◆ DATA BLOCK:
__________

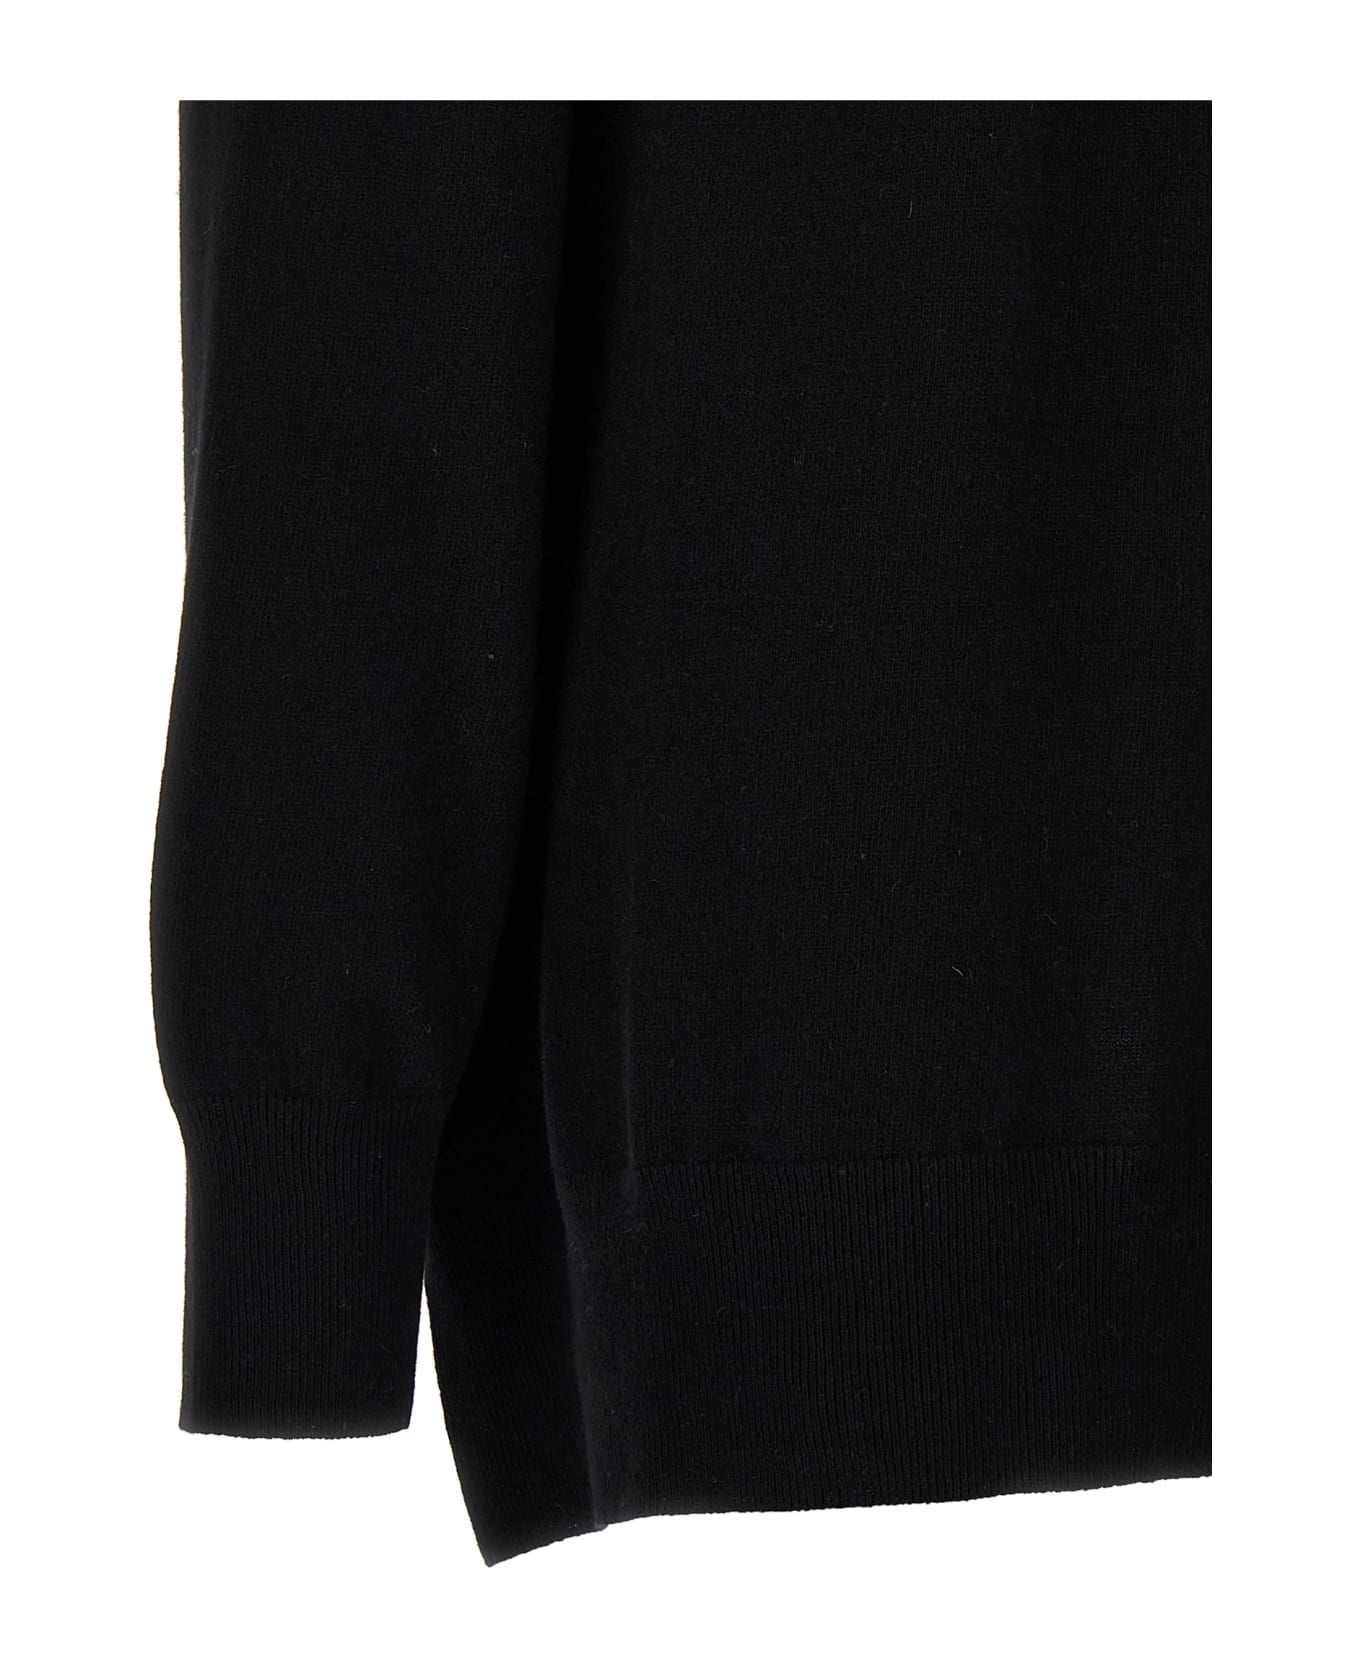 (nude) Oversize Sweater - Black  
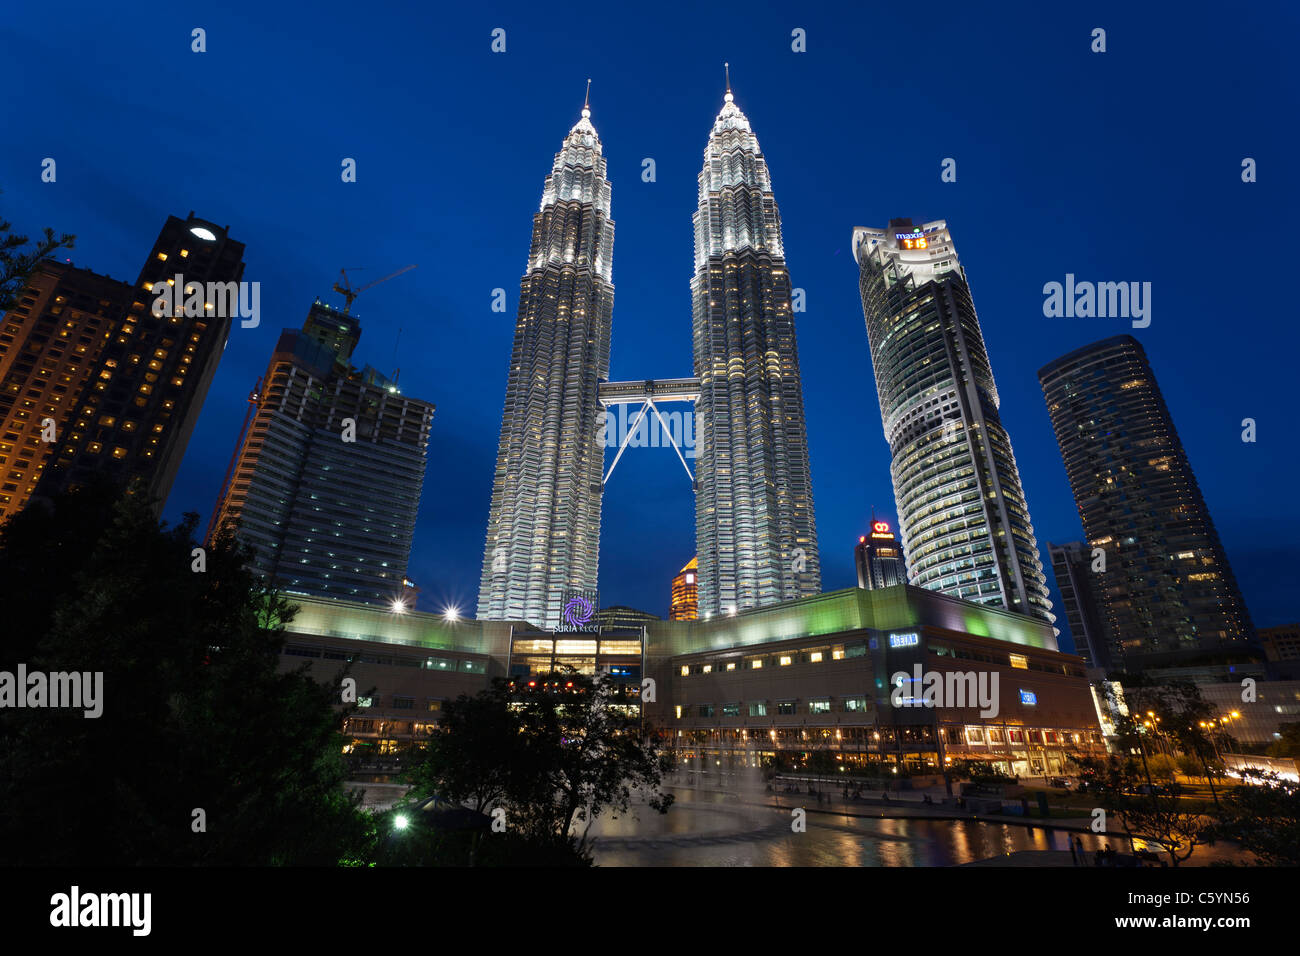 Petronas towers in Kuala Lumpur, Malaysia Stock Photo
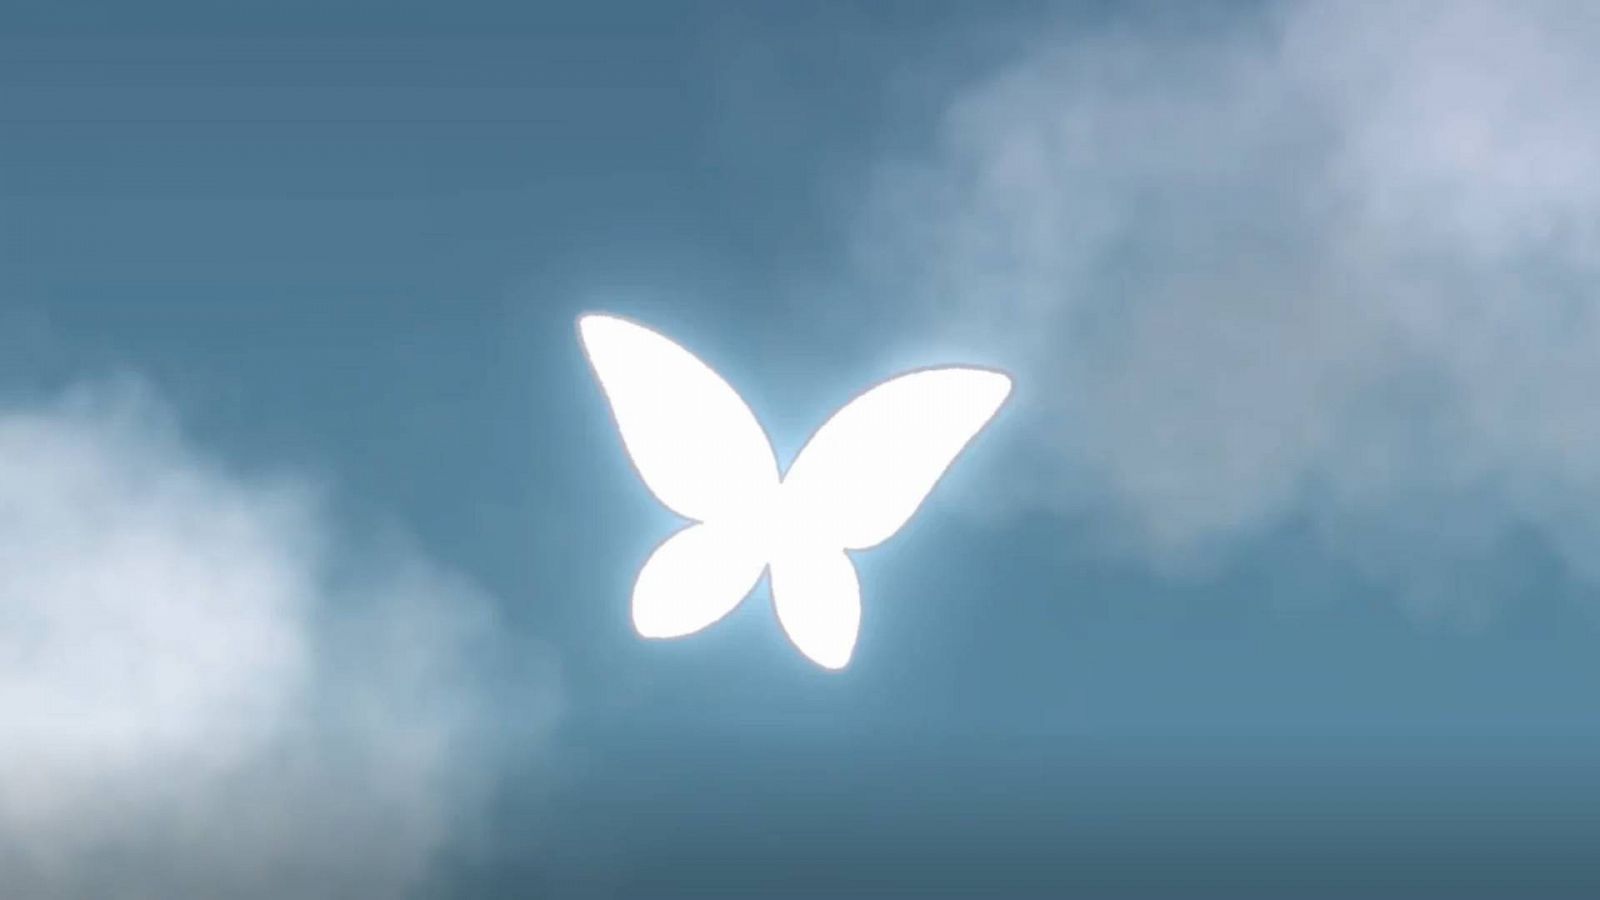 XIII Concurso de Cortos RNE - White butterflies - GANADOR Y PREMIO DEL PÚBLICO - Ver ahora
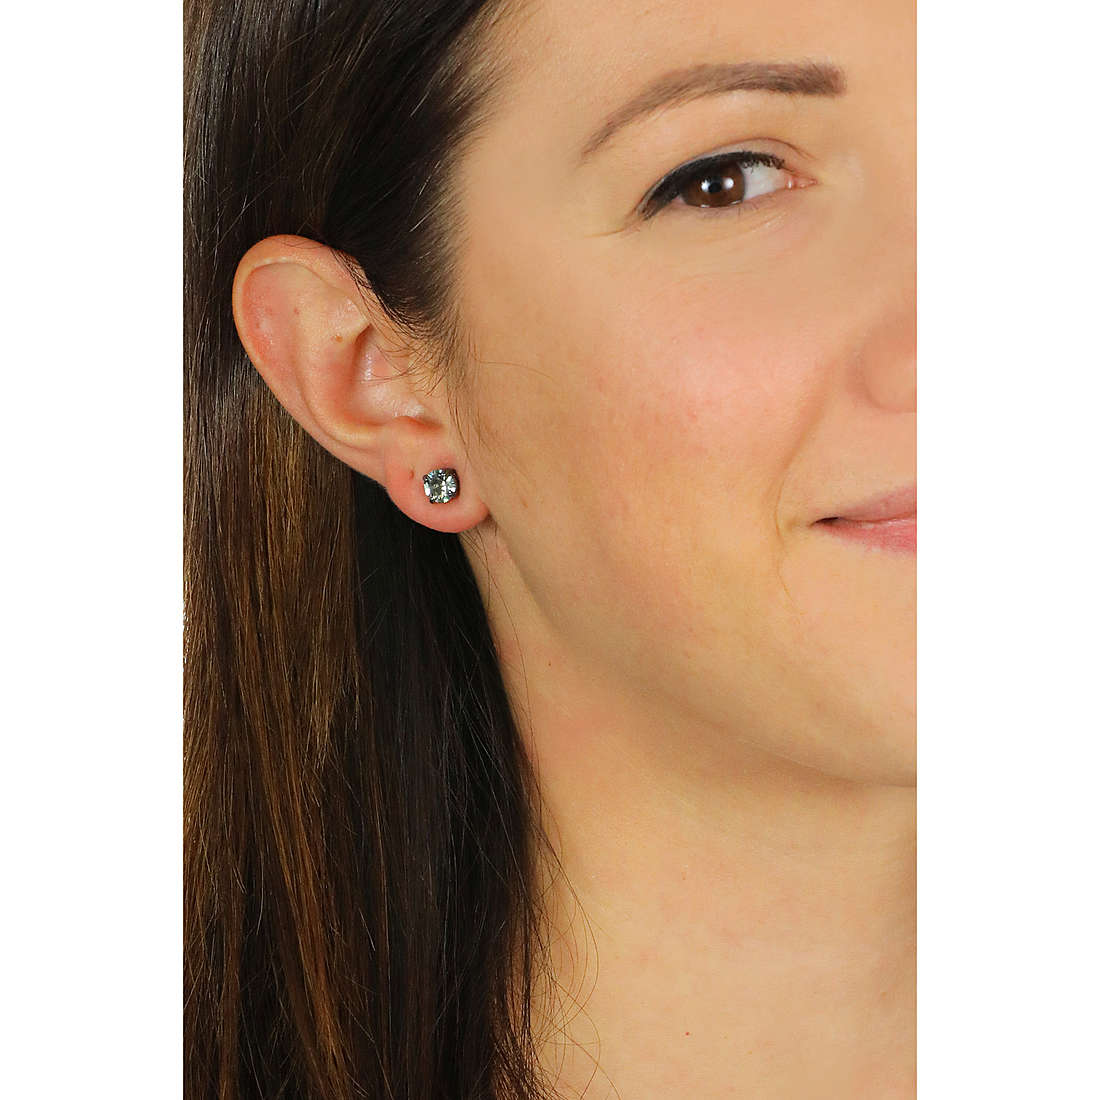 Swarovski earrings woman 5571555 wearing

__________

Return all the data exactly, pictures omitted.

 (nude) Oversize Sweater - Black  
 Petronas towers in Kuala Lumpur, Malaysia Stock Photo
 XIII Concurso de Cortos RNE - White butterflies - GANADOR Y PREMIO DEL PÚBLICO - Ver ahora
 Swarovski earrings woman 5571555 wearing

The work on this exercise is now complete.